Wednesday, November 17, 2010

Pork Book included the Arizona Historical Society







Each year, the Citizens Against Government Waste publishes their annual Pig Book. It identifies particularly egregious examples of money wasted by the Federal government. In 2002, CAGW teamed with the Goldwater Institute to produce the 2002 Arizona Piglet Book.

Eight years ago, the authors recognized that Arizona’s budget was a train wreck looking for a place to happen. Among the waste they identified was the then $4.5 million dollar budget for the Arizona Historical Society. Their explanation was as follows:

This program is a membership-supported, nonprofit state trust agency that gives money to preserve and maintain museums pertaining to the history of Arizona. This program can proceed without support from government, and a nonprofit foundation could accomplish the same task and collect the same dues from its members without a commitment by the state government.

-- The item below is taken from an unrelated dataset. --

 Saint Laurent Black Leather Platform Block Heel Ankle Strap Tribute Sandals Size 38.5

So what did Governor Brewer do in 2010 as the cars from the long predicted train wreck began piling up? Why she INCREASED the Arizona Historical Budget by over 50%. Why did she do that? She wanted to Arizona Historical society to build yet another history museum. That was to be her pet project, the 5C Arizona Centennial Museum.

Prior posts on this blog explain how, as part of that plan, she pushed through a bill that transferred the Arizonan Mining and Mineral Museum to the Arizona Historical Society. They also explain the many serious problems associated with that very unfortunate bill.

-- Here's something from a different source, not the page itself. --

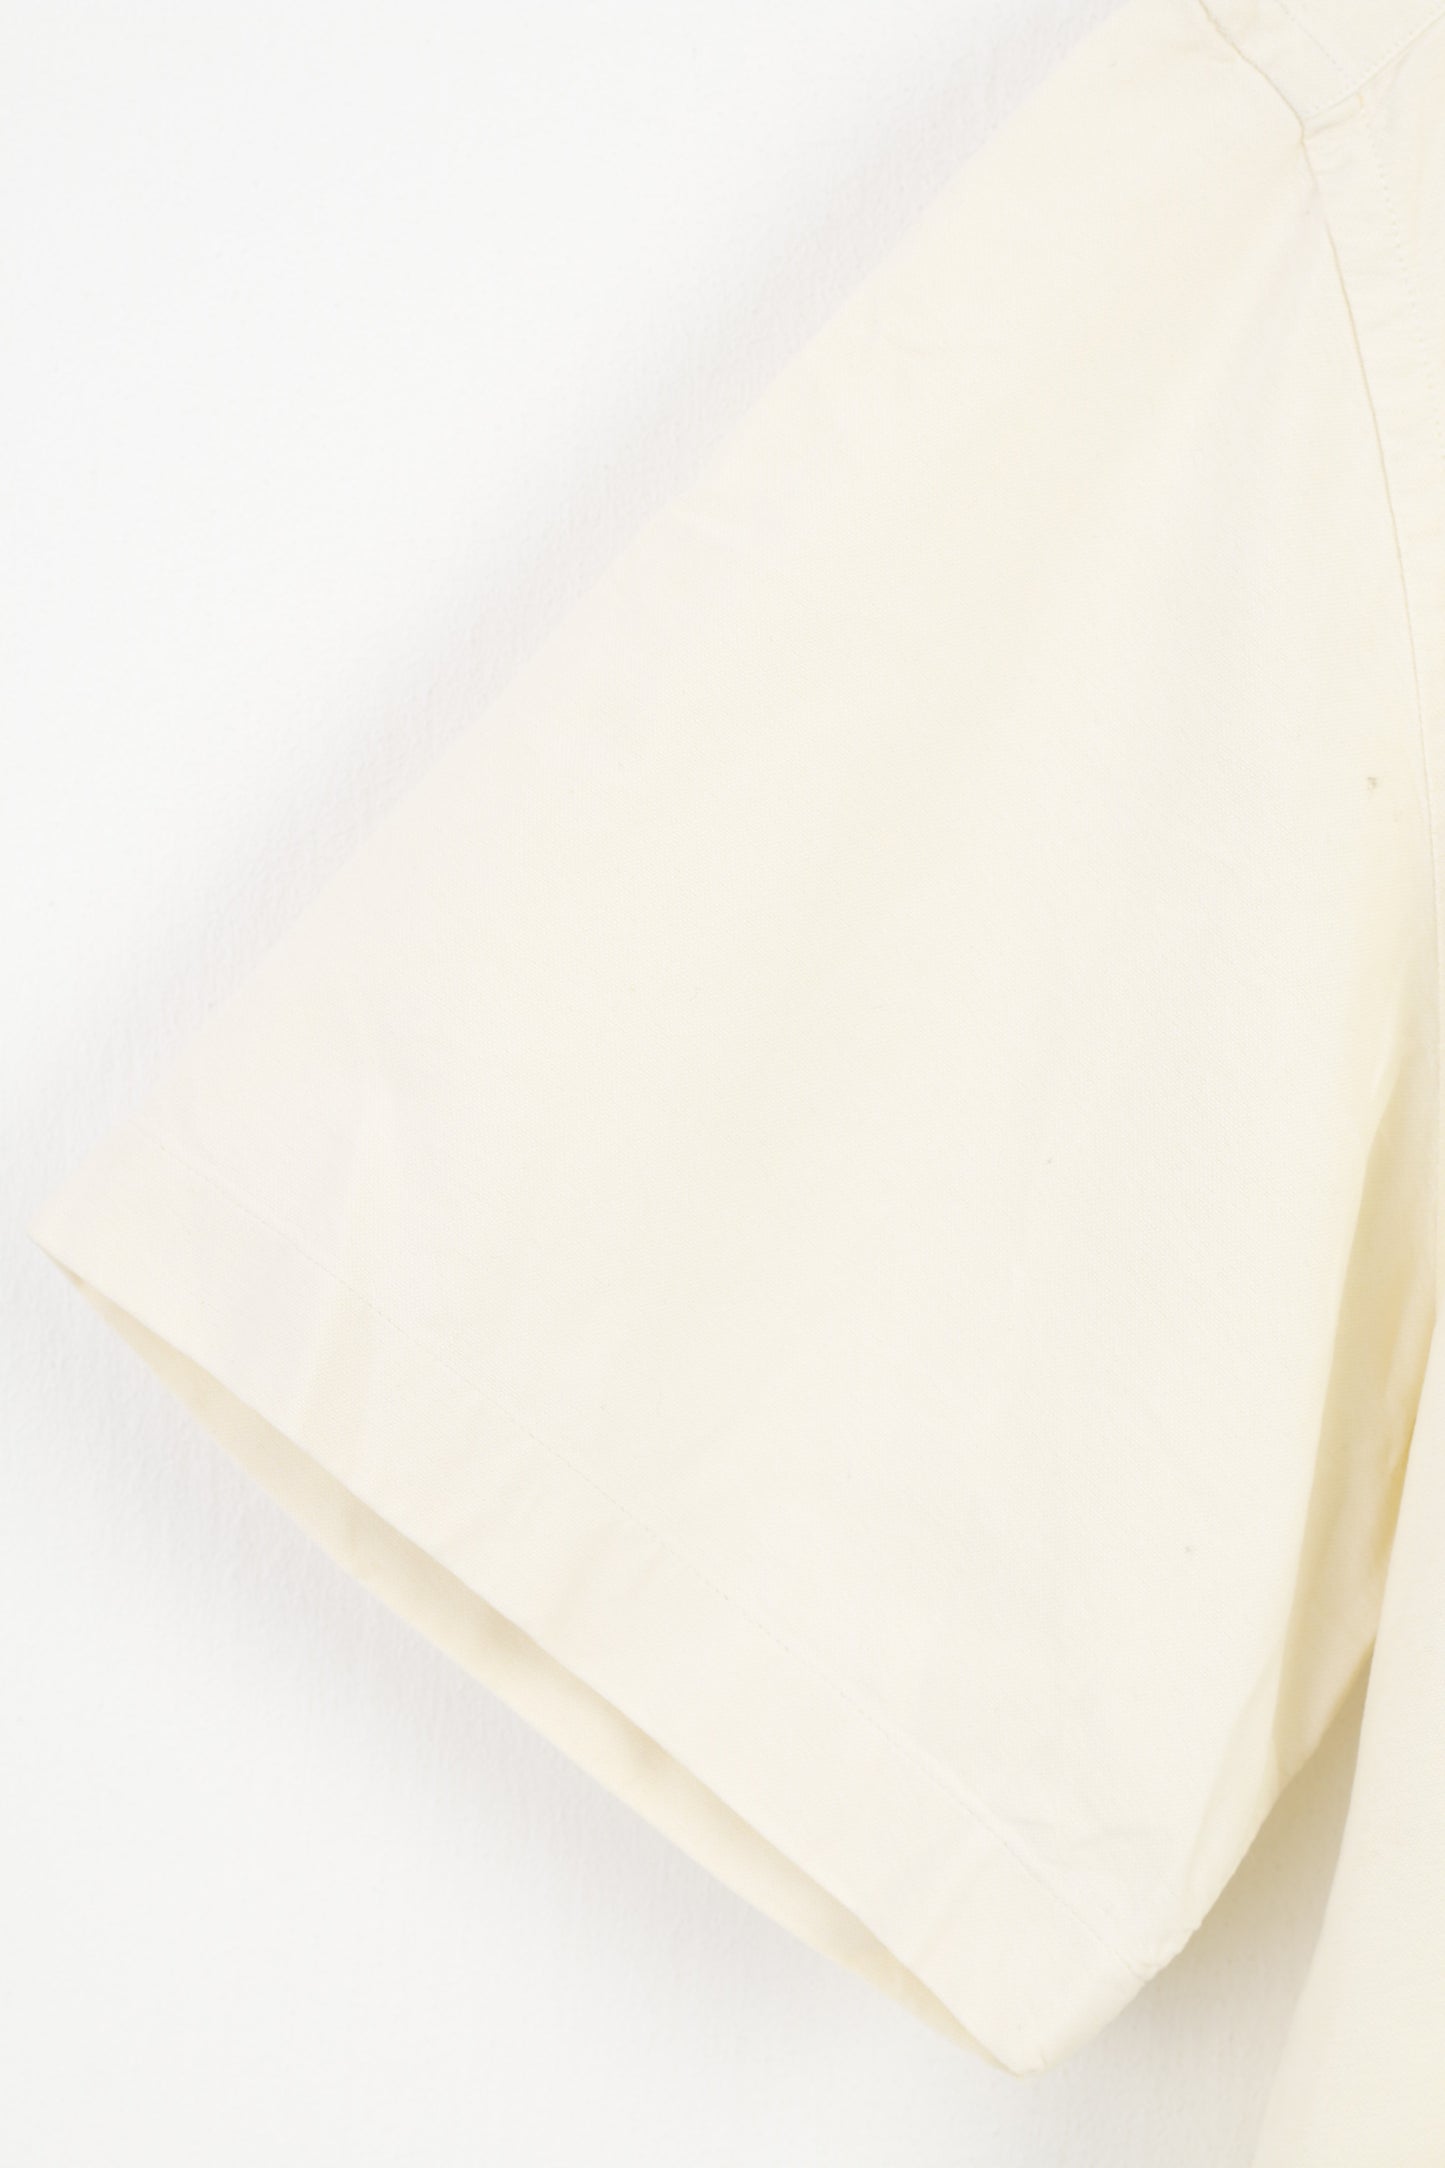 Tommy Hilfiger Men XL Casual Shirt Yellow Short Sleeve Classic Cotton Top

The Goldwater Institute also recommended eliminating the $800,000 budget for the Arizona Department of Mines and Mineral Resources (former home of the mineral museum). Their comments on the department were as follows:

This non-regulatory agency provides technical assistance to mining companies at taxpayer expense and runs the Mining and Mineral Museum. The technical and economic development assistance provided by state government to miners amounts to corporate welfare. That function, which subsidizes a remarkably small portion of the state economy, should be funded by voluntary fees or eliminated. The museum could be privatized and run by a nonprofit foundation.

Rather than implementing the above recommendations, the Governor transferred over a half million dollars from the Department of Mines and Mineral Resources to the Arizona Historical Society. Then, she added even more money to inflate the historical society budget to its current level.

Note 1: A February statement from the Governors office says that money will be added to the historical society budget “as necessary” to enable it to operate the 5C Arizona Centennial Museum.

Note 2: This blog is not promoting restoration of the Department and Mines and Mineral Resources budget. It is promoting repeal of the bill that transferred Arizona’s irreplaceable mineral collection to an organization without the training to properly care for it.

1 comment:

  1. Have you contacted some of the talk radio stations here in Tucson to see if they are interested. Why not send them hard copies of this blog site and all of the comments? People are pretty mad about the Rio Nuevo audit etc and you may get some traction on this.